Search code examples
regexpython-3.xnlpnumeric-ranges

Numeric Ranges with a Regular Expression python


So I am working on a text analytics problem and I am trying to remove all the numbers between 0 and 999 with regular expression in Python. I have tried Regex Numeric Range Generator to get the regular expression but I didn't succed. I can only remove all the numbers.

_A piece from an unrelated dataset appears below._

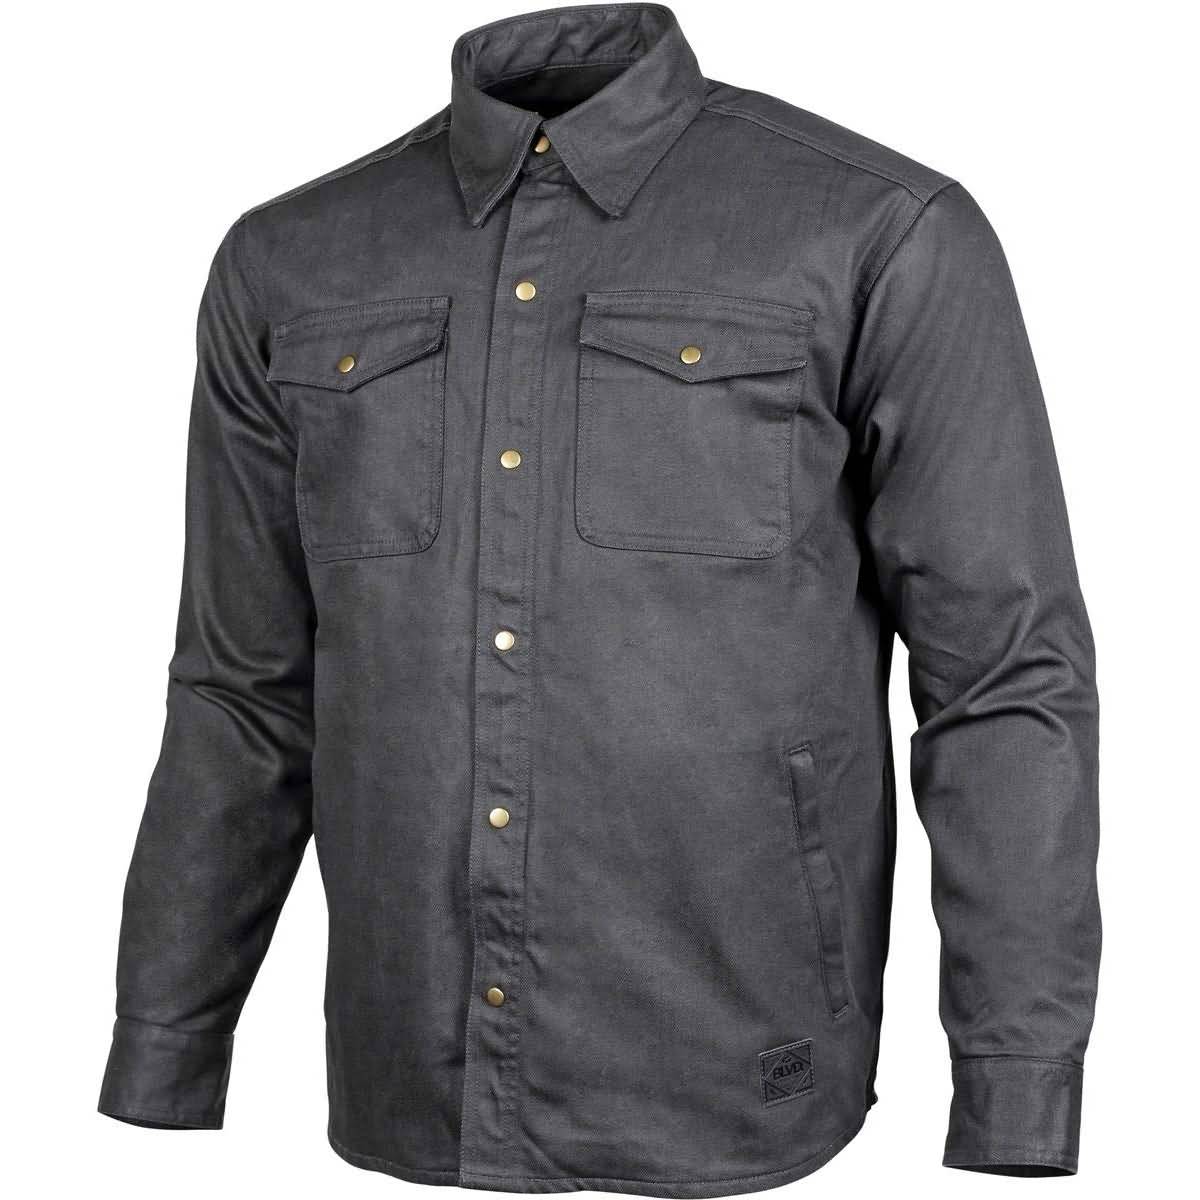 Cortech The Voodoo Men's Button Up Short-Sleeve Shirts-8102

I have tried several Regex but it didn't work. here's what I tried

# Remove numbers starting from 0 ==> 999
data_to_clean = re.sub('[^[0-9]{1,3}$]', ' ', data_to_clean)

I have tried this also:

# Remove numbers starting from 0 ==> 999
data_to_clean = re.sub('\b([0-9]|[1-8][0-9]|9[0-9]|[1-8][0-9]{2}|9[0-8][0-9]|99[0-9])\b', ' ', data_to_clean)  

this one:

^([0-9]|[1-8][0-9]|9[0-9]|[1-8][0-9]{2}|9[0-8][0-9]|99[0-9])$

and this:

def clean_data(data_to_clean):
    # Remove numbers starting from 0 ==> 999
    data_to_clean = re.sub('[^[0-9]{1,3}$]', ' ', data_to_clean)  
    return data_to_clean

I have a lot of numbers but I need to delete just the ones under 3 decimals and keep the other.

Thank You for your help


Solution

  • You need precede the pattern string with an r to prevent escaping so the interpeter won't swap \b with a backspace. Plus you can simplify the pattern like this:

    data_to_clean = re.sub(r'\b([0-9]|[1-9][0-9]{1,2})\b', ' ', data_to_clean)